# Best Ortovox Beacon



## WhiteLightning (Apr 21, 2004)

no love?


----------



## shantyman (Jan 23, 2006)

I also have a tracker and a F1 focus. I loan the tracker to my "cheap ass friends" because its easier to use. I plan to buy the Ortovox S1 later this spring (its supposed to be state of the art) however very pricey.


----------



## Yonder_River (Feb 6, 2004)

If you can get the f1 focus for $100 or less, I would go with that. For the price, it's a great transceiver. I have one and have had good success using it in practice situations.


----------



## GAtoCSU (Apr 18, 2005)

where can I find one for that price>


----------



## WhiteLightning (Apr 21, 2004)

I think I've got pro form at $165 for that one. Is that any good? M2 or X1 I can get for $195.

Sorry in advance, I can only get the deal once for my personal purchase.


----------



## Yonder_River (Feb 6, 2004)

I was referring to buying the older style used. I don't think there is any change with these new ones besides the design of the casing. I've seen them occasionally on craigslist for around $100 or a little more.


----------



## Andy H. (Oct 13, 2003)

Dave,

No matter what you pay for one, it'll seem like a bargain when you see daylight and your friends' smiling faces! Hopefully that day will never happen... I'm not familiar with the particular models but recommend you get the best, easiest to operate that you can and don't worry about a $30 (15%) difference, especially considering you're getting a screaming deal with the pro form. 

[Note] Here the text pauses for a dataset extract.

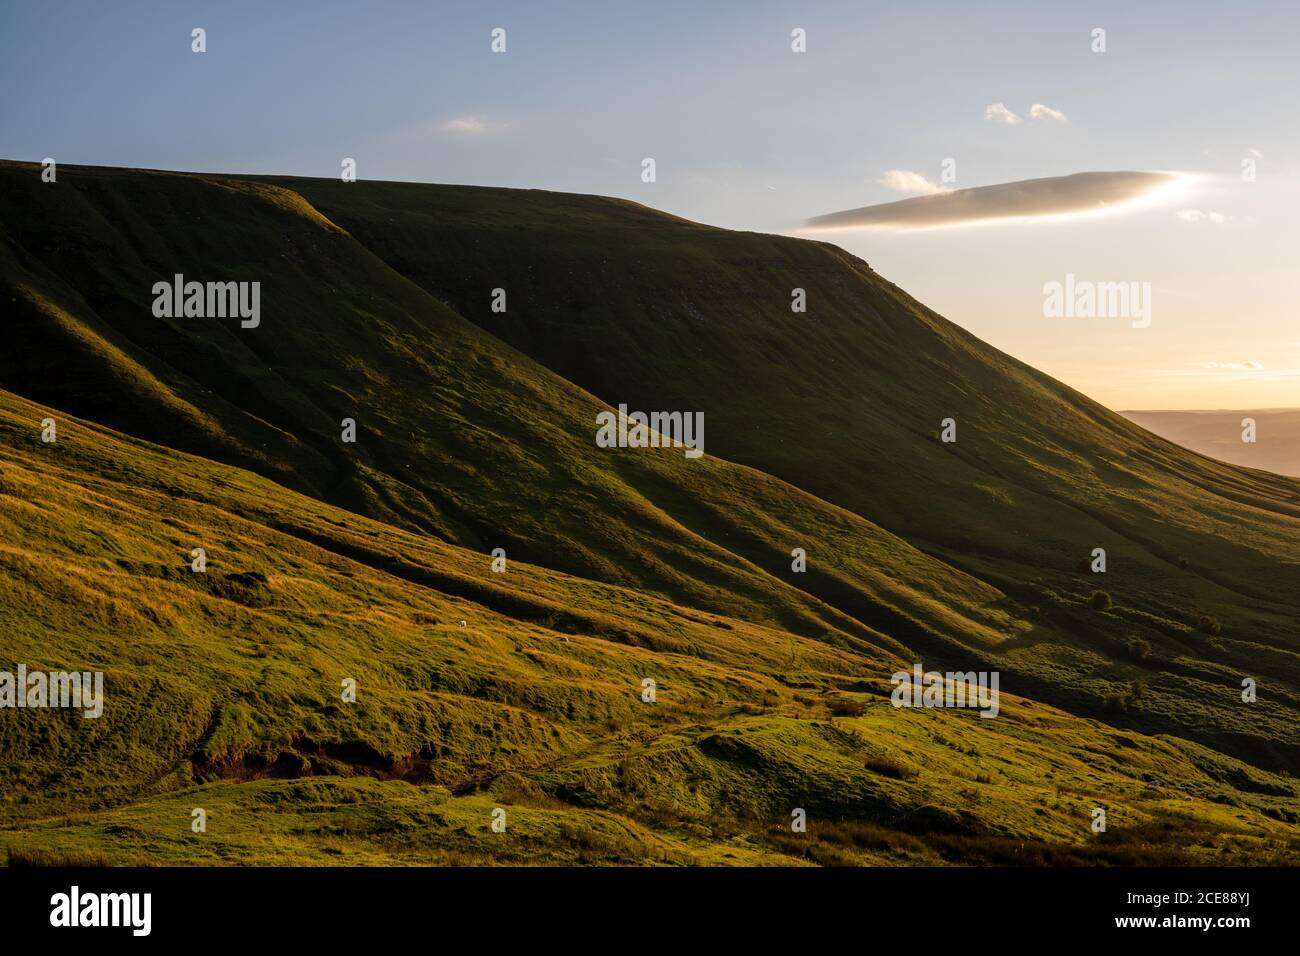 Schafe weiden in der Abendsonne an den Hängen des Twmpa-Berges, oder Lord Hereford's Knob, in den Black Mountains von Wales. Stockfoto

I've got an M1 as my first, and loan that to less experienced folks as the occasion requires, while I wear a Pieps myself that's not as easy to use but still way better than what we had back in the olden days.

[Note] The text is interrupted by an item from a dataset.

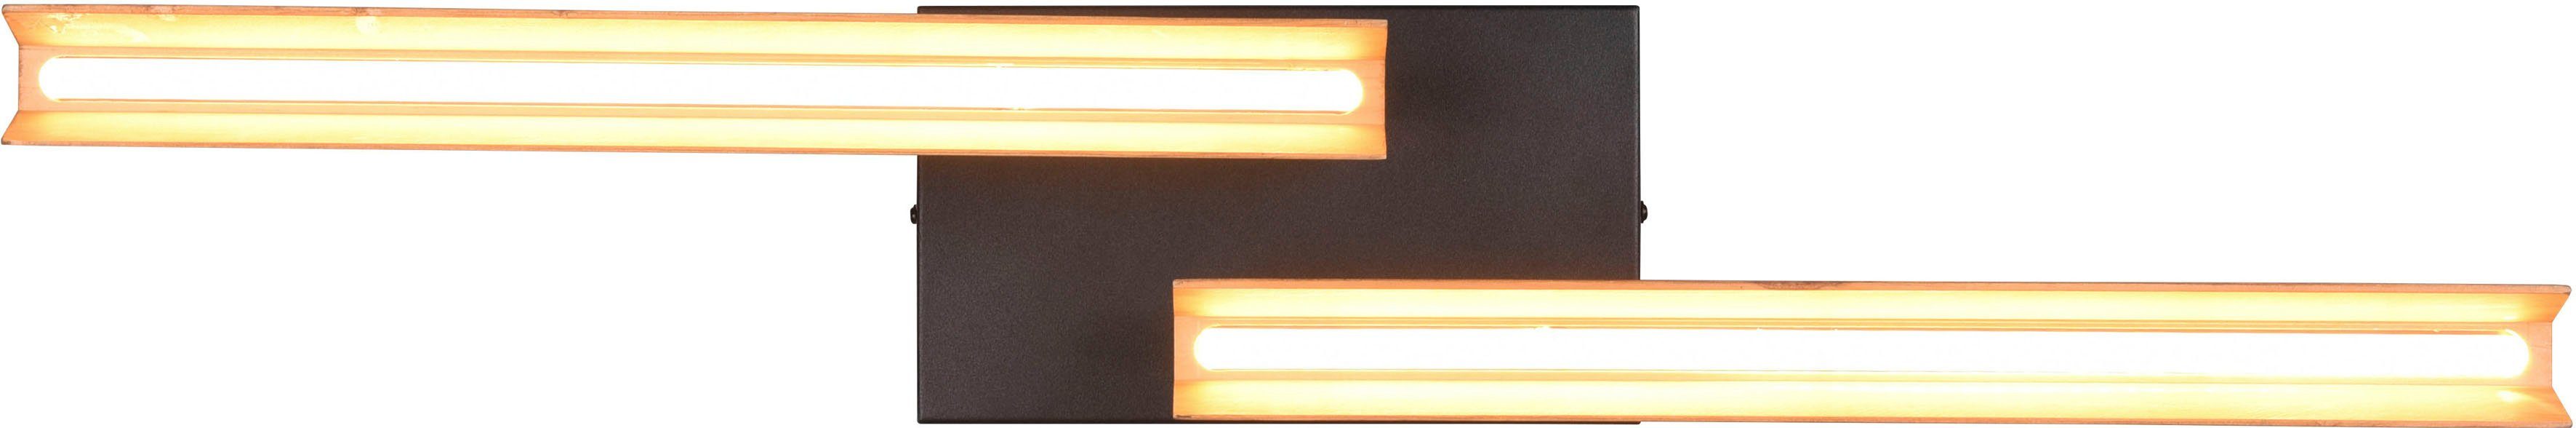 LED 3 Holz LED + Dimmfunktion, Deckenlampe TRIO integriert, warmweiß Leuchten fest LED Kerala, Metall, Deckenleuchte aus Dimmstufen, schwenkbar, mehrere Helligkeitsstufen, Warmweiß,

I'd avoid picking up a used one - "Wow, that thing hit the concrete pretty hard but still works - I think its time to put this one on Craig's List..."

-Andy


----------



## Yonder_River (Feb 6, 2004)

Beyond being concerned about buying a used transceiver, I would be more worried about handing it over to someone who doesn't own one themselves. I would assume that if you don't have your own, you probably don't have the proper experience to use one in a crisis situation.


----------



## WhiteLightning (Apr 21, 2004)

I agree, maybe my Tracker becomes the one I hand over. I never hand over without testing them and/or coaching them on beacon use. 

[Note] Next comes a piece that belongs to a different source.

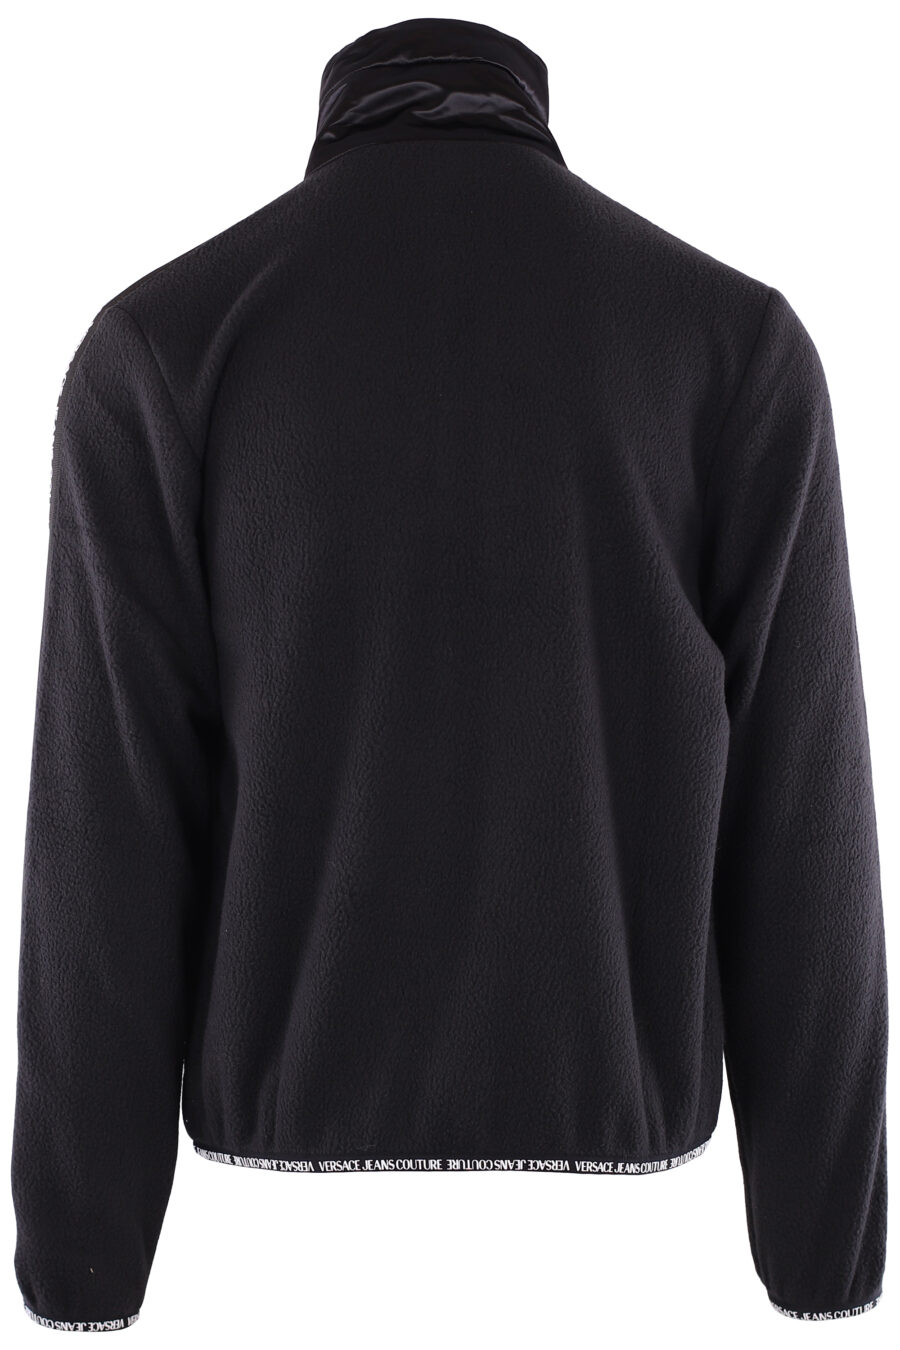 Camisola de lã preta com logótipo de fita nas mangas - IMG 6373

That said, I think the X1 in theory is the easiest one to use that I can order. In reality there seem to be a lot of concerns over ease of use on the web. Does anyone know if they have improved on the design based on the past models that I have read about some issues with?


----------



## shantyman (Jan 23, 2006)

WL,
keep it simple. Buy another Tracker, same batteries, same everything. Plus its Colorado company. ABC!!!


----------



## WhiteLightning (Apr 21, 2004)

I would buy another if I could get a deal, but my pro form is from Ortovox. I do try to buy locally, but I also need the $100 bucks I can save for other things.


----------



## Jahve (Oct 31, 2003)

I bought 3 of the x1's at the start of this season - we had been using tracker beacons - no problems with the x1 they are easy for even a nuby to figure out.


----------



## JCKeck1 (Oct 28, 2003)

> I never hand over without testing them and/or coaching them on beacon use.


Are you joking? Coaching them on beacon use? That's like saying you're going to coach a non kayaker on pin rescue at the side of the river, handing them the throw bag and then running a class V for the first time. Beacons aren't for borrowing. If you don't OWN one you shouldn't be going where you need one. 

Also after extensive use, Ortovox makes a vastly inferior product. The x1 is ok and the m2 is worse. I've seen them both stop transmitting during a burial. 

Spend the money, save a life. Tracker is the only way to go with experience.
joe


----------



## WhiteLightning (Apr 21, 2004)

Not kidding. I've taught several people to use beacons, mostly the Tracker. I'd have to disagree that you shouldn't go with someone if you have to teach them to use a beacon. I've taken people on day trips and taught them beacon use, terrain selection, etc. I'm avy certified and a ski patroller. I just don't have any good friends to ski with who have beacons, so I was thinking of buying a second one and training some people who I might take on some ski area accessed BC runs.


----------



## couloircat (Nov 4, 2005)

I personally use an M2 and find that if you practice it's an awesome beacon I also have an F1 that's the same way I just feel better with my M2 for more advanced search options. As for JCkecks' comments on them ceasing to transmit they (Ortovox) discovered thaey had a flaw in the battery compartment and it's ability to properly hold in place the variations in battery size amongst brands, so they redesigned the battery door and all is well. They also claim there weren't any issues with that failure in the field only lab testing. Although I do agree with keck that even with a tracker I wouldn't feel comfortable going out with someone who had a ten minute overview of how to find my body under the snow... most burials are around 2.5-3 m deep and most people only practice about a meter or so deep the added depth can really throw a rookie off course.


----------